AfD bleibt vor CDU/CSU stärkste Kraft

Bei der Sonntagsfrage nach einer Bundestagswahl war die AfD im Vergleich zur Vorwoche mit ‌unverändert 26 Prozent stärkste Kraft. CDU/CSU ‌verharrten bei 25 Prozent.

Um je einen Punkt zulegen konnten SPD auf 14 Prozent und ‌Grüne auf 13 Prozent. Die Linke gab einen Punkt ‌auf ‌zehn Prozent nach.

Die Umfrageergebnisse im Überblick:

  • AfD: 26 Prozent (±0)
  • CDU/CSU: 25 Prozent (±0)
  • SPD: 14 Prozent (+1)
  • Grüne: 13 Prozent (+1)
  • Linke: 10 Prozent (-1)

Zwischen dem 07. und dem 10.04. wurden durch das Meinungsforschungsinstitut Insa 1205 Personen befragt.

Zuletzt wurde Kritik an der Bundesregierung insbesondere aufgrund der steigenden Energiepreise laut.
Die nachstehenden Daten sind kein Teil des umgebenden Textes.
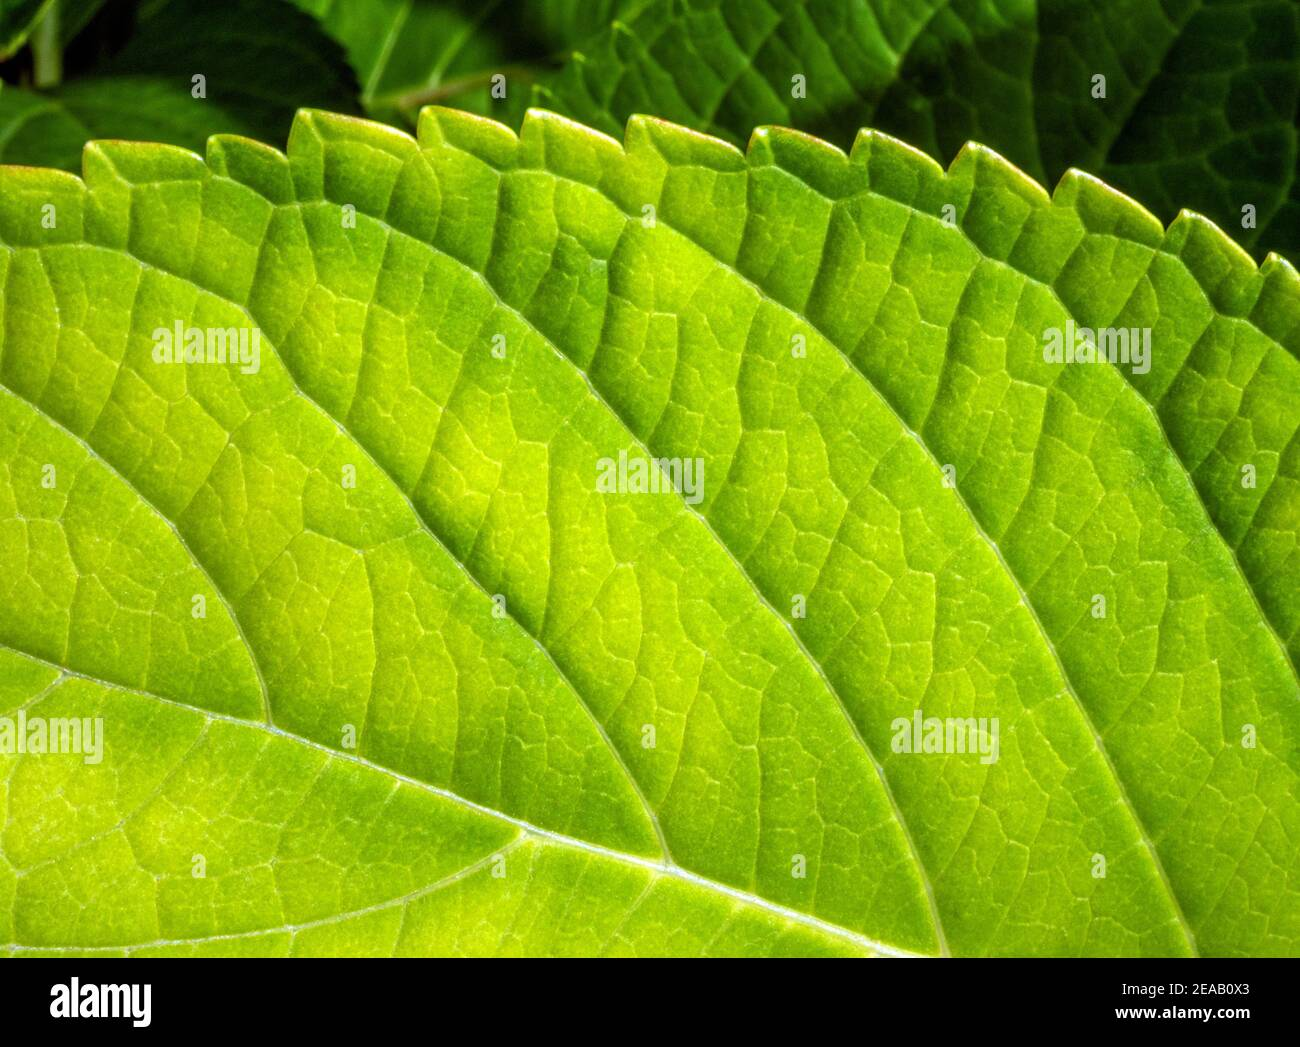 Leaf of a garden hydrangea (Hydrangea macrophylla), close-up, Bavaria, Germany, Europe Stock Photo

Zudem kritisierten sich die Koalitionspartner auch offen gegenseitig.

Am Wochenende beraten die Parteichefs von CDU, CSU und SPD nun über die Energiepreiskrise und das anstehende Reformprogramm der Koalition. Unklar ist auch, ob und in welcher Form anschließend mögliche Ergebnisse bekanntgegeben werden – wenn, dann wohl erst am Montag.